Updates from Freerk by emails:

  1. Freerk implemented a first version of Galaxy wrapper. It works and generates data, but Galaxy detects an error in the output. Freerk is working on the solutions.
  2. Freerk had a look at the Perl profiler. However he didn't test it yet due to the lack of Perl Proc library. He is consulting the local system administrator on this.
5 July

Action points:

  1. Frans will deliver the simulated dataset and the SAM parser by today.
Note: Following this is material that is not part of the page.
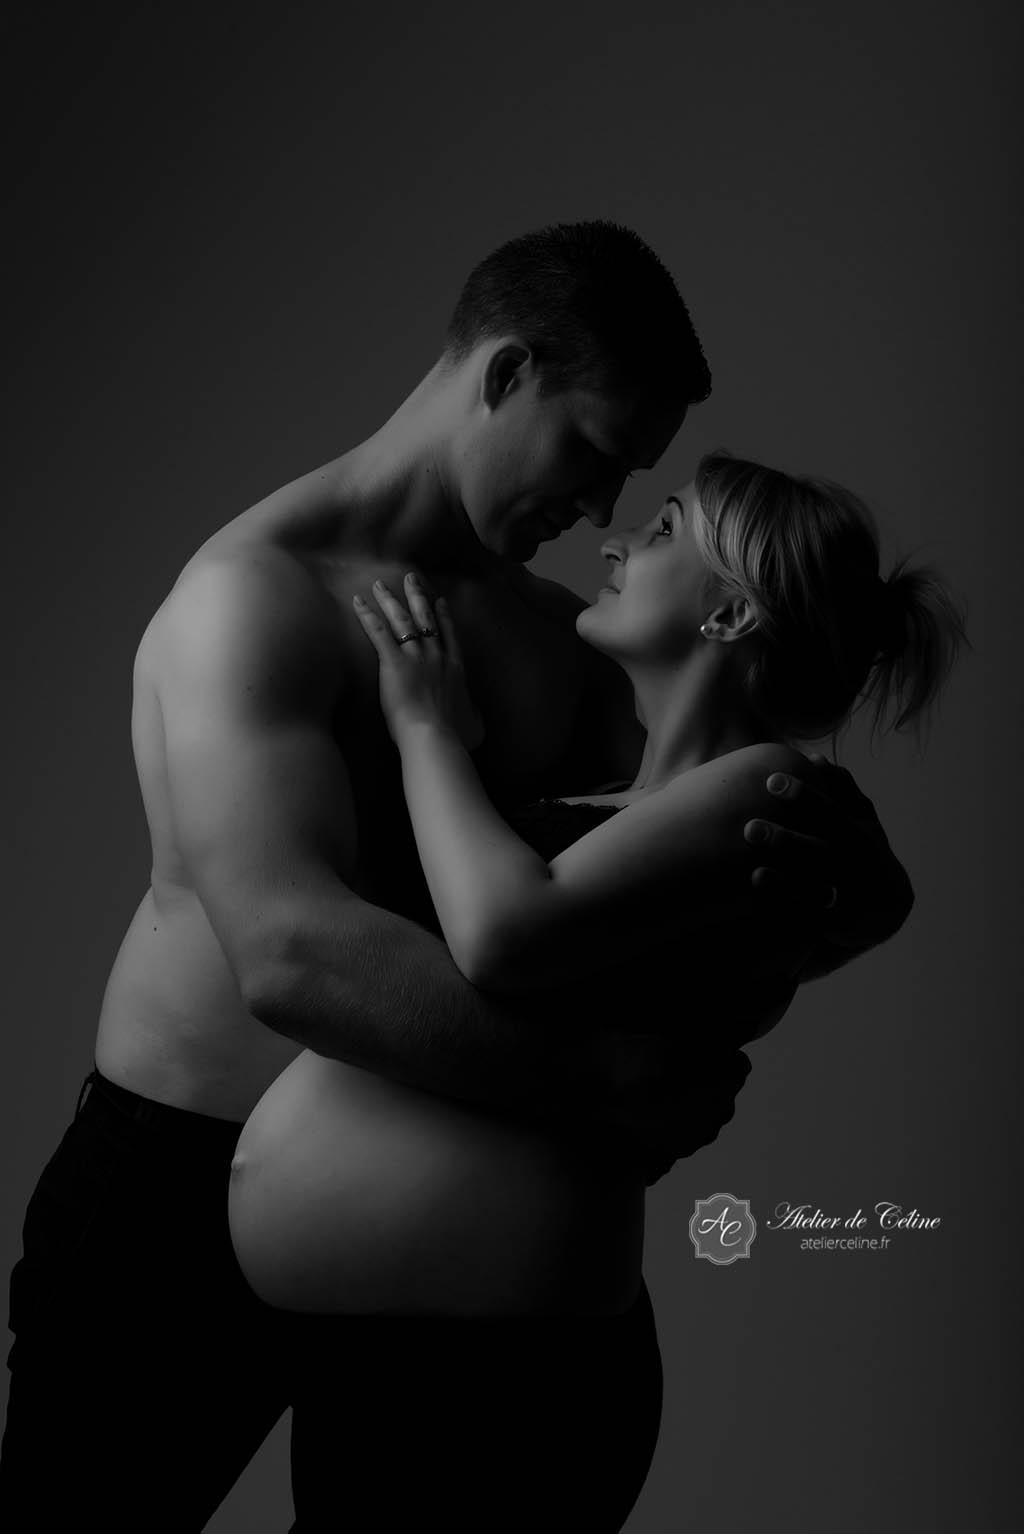 Séance grossesse, femme, femme enceinte, studio, couple (2)

He is working on the manual at the moment.
  2. Freerk will send the Proc Installation error message to Leon.
  3. Freerk and Leon will look at the Galaxy wrapper output error on this Friday.
3 August

Agenda:

  1. Update on the evaluation wrapper: Integration, Perl profiler, test run with simulated dataset and dataset from Kai.
  2. Demo on August 20
  3. Holidays
  4. Simulated dataset script in collaboration with Kai.

Discussion points:

  1. Leon made an update in the Perl profiler to retrieve the correct process ID.
  2. The integration of latest Perl profiler and the correct setting of MAQ are still need to be done.
  3. Freerk will be on holidays from August 5 till August 25.
  4. Frans and Leon don't have any planned holidays in the coming weeks. So they will take over some integration task from Freerk and aim at a demo on August 20th.

Action points:

  1. Leon will work on the MAQ setting
  2. Leon will visit Frans to work on the wrapper integration on August 10, at 9:30.